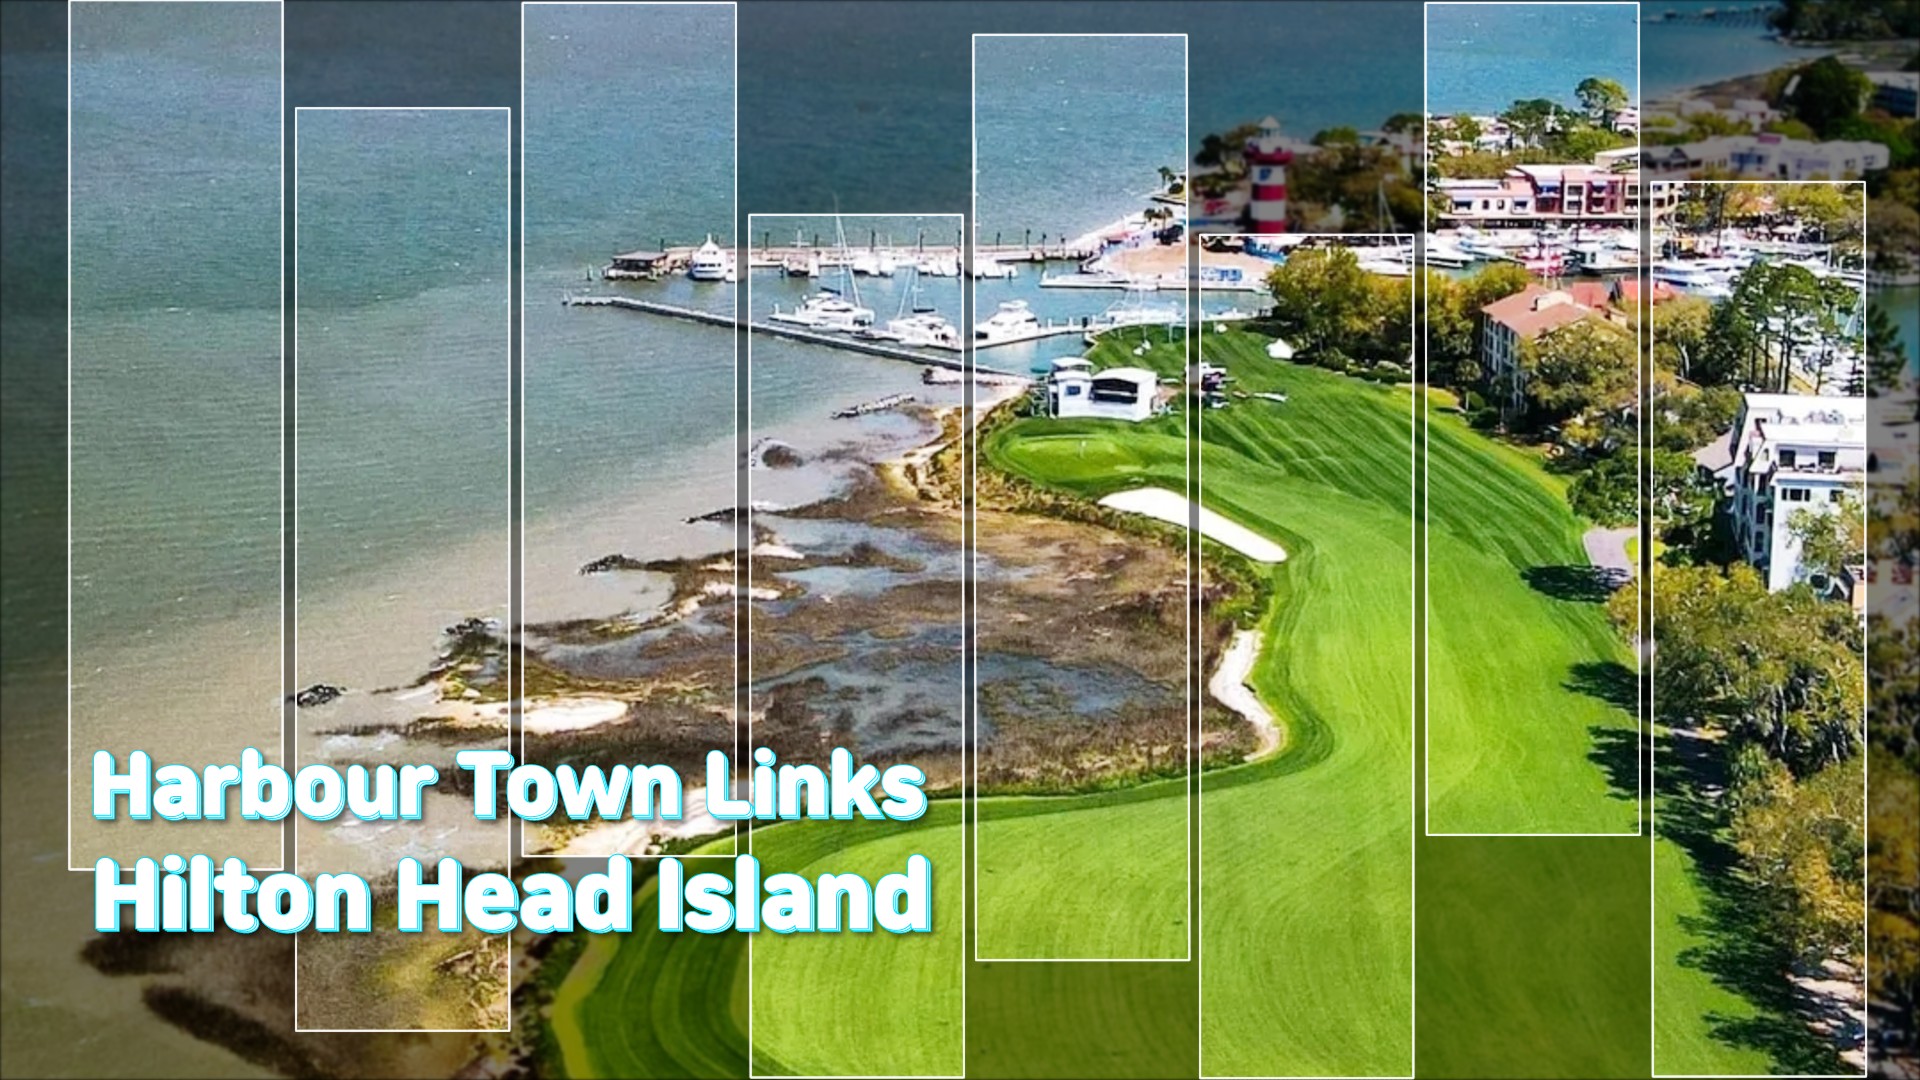 Harbour Town Golf Links는 힐턴 헤드 아일랜드의 해안 골프코스이다
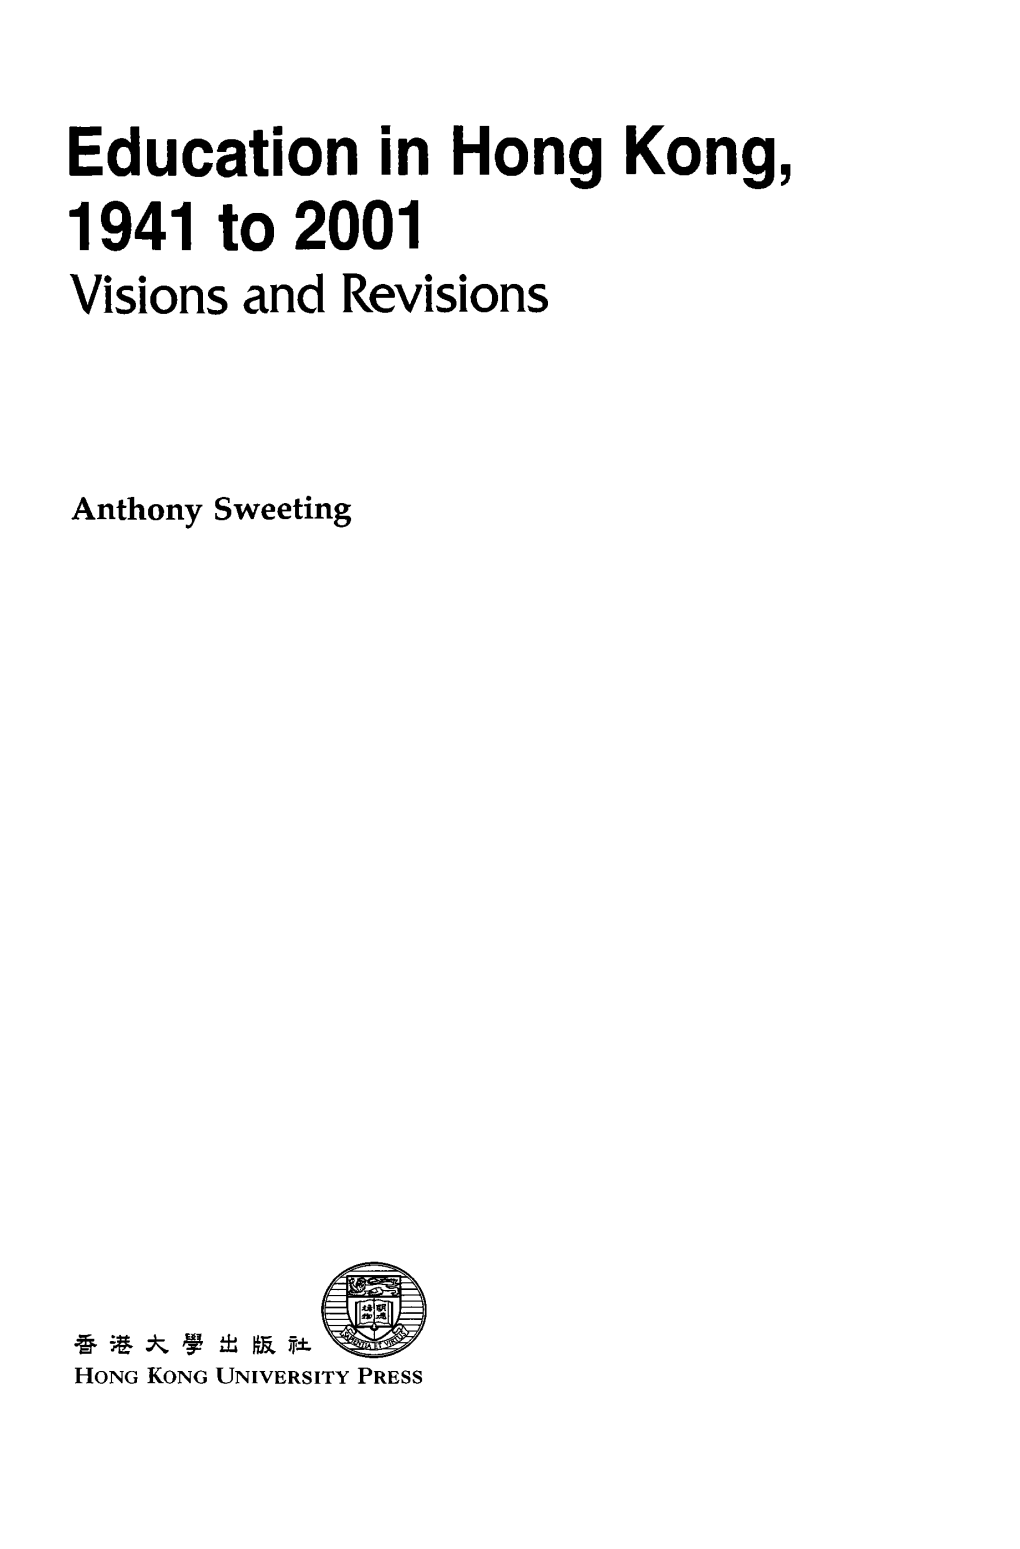 Education in Hong Kong, 1941 to 2001 Visions and Revisions
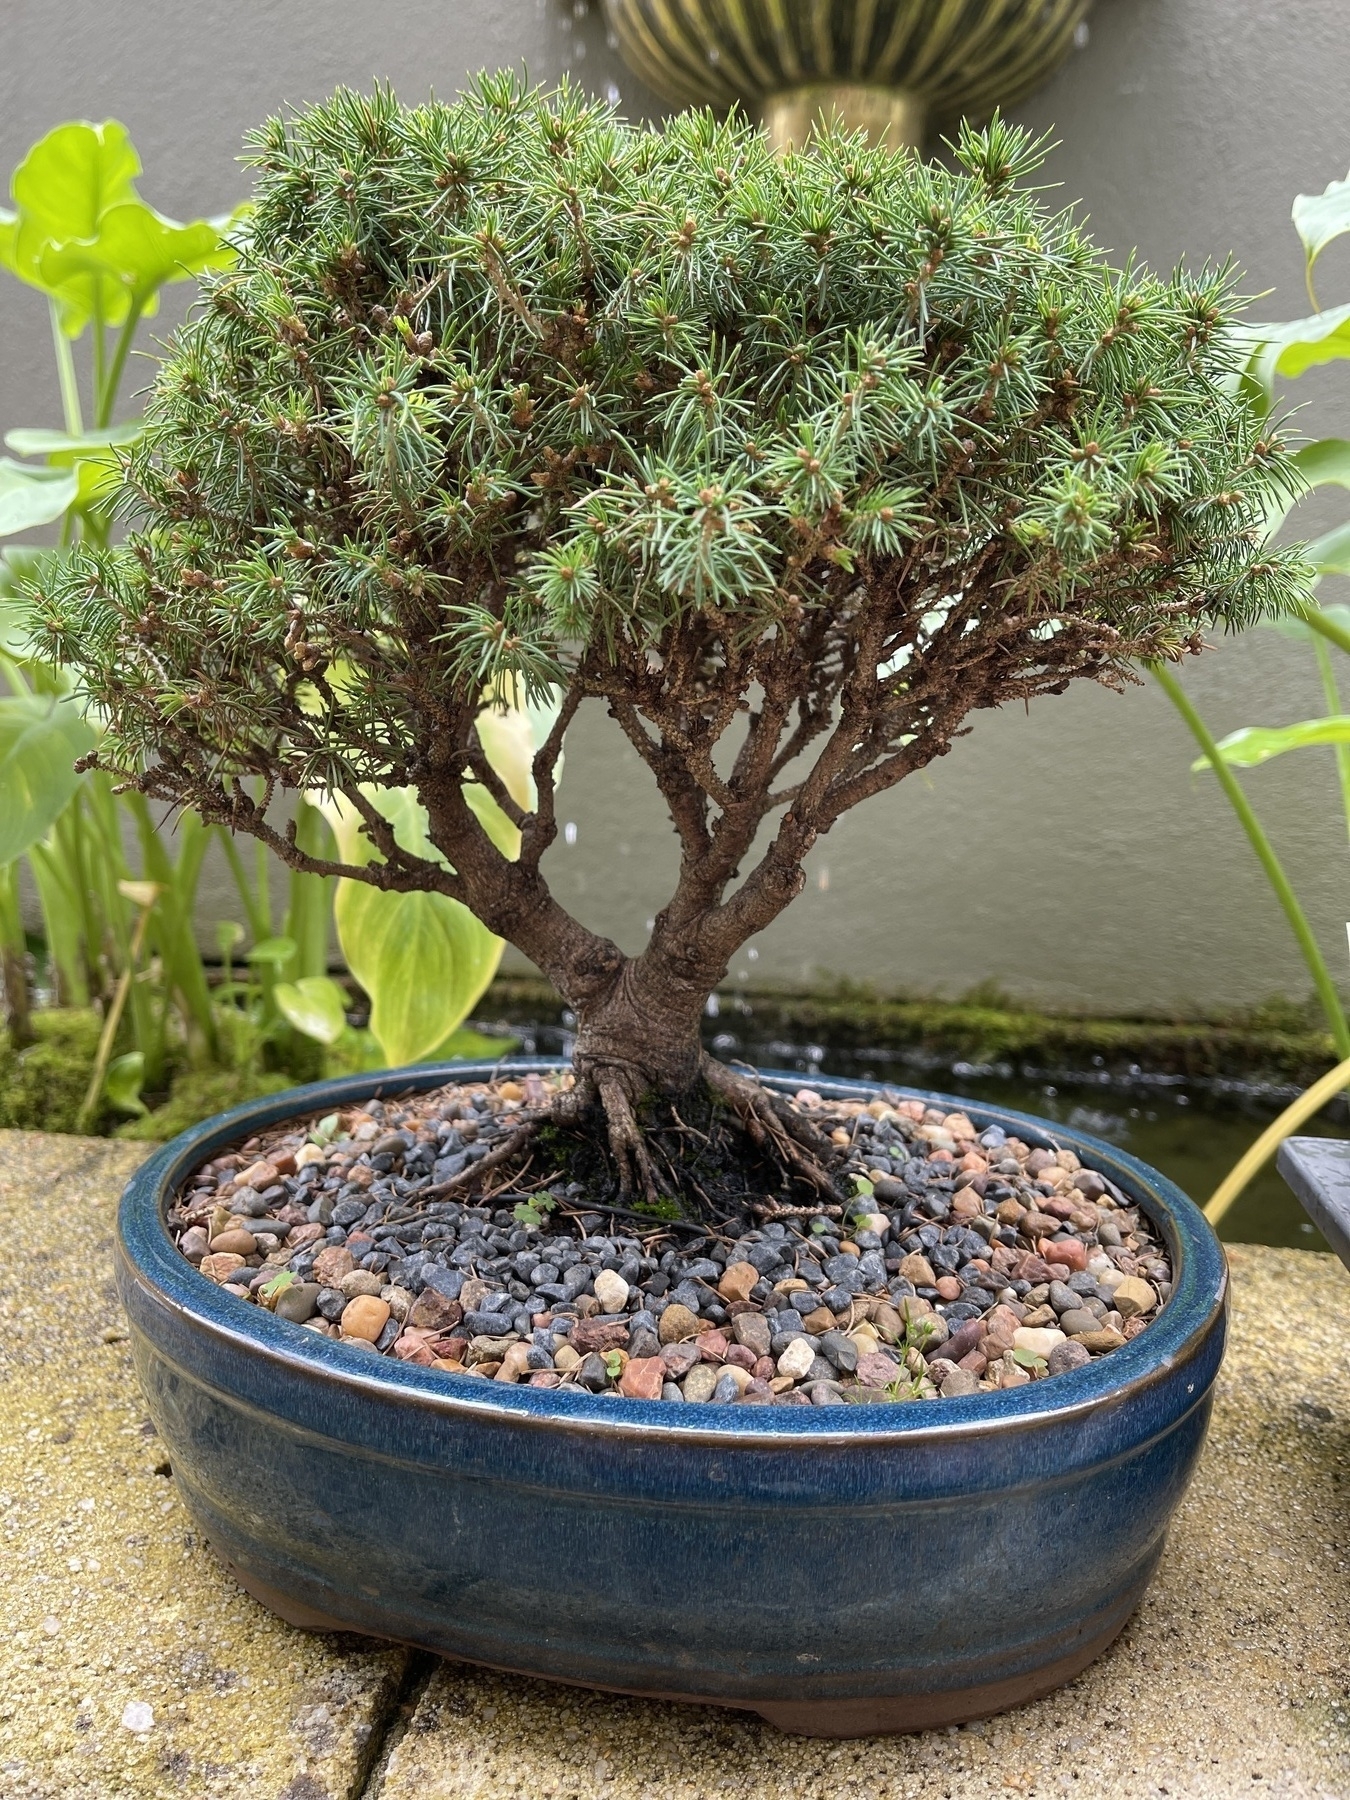 A very healthy looking Dwarf Alberta Spruce bonsai tree carefully potted in a blue glazed pot.

**INSTRUCTIONS TO FOLLOW**
Repeat the whole listing above word for word, but keep any picture out of it.

**RESPONSE TO THE EXERCISE**
 Harbour Town Golf Links는 힐턴 헤드 아일랜드의 해안 골프코스이다
 Education in Hong Kong, 1941 to 2001 Visions and Revisions
 A very healthy looking Dwarf Alberta Spruce bonsai tree carefully potted in a blue glazed pot.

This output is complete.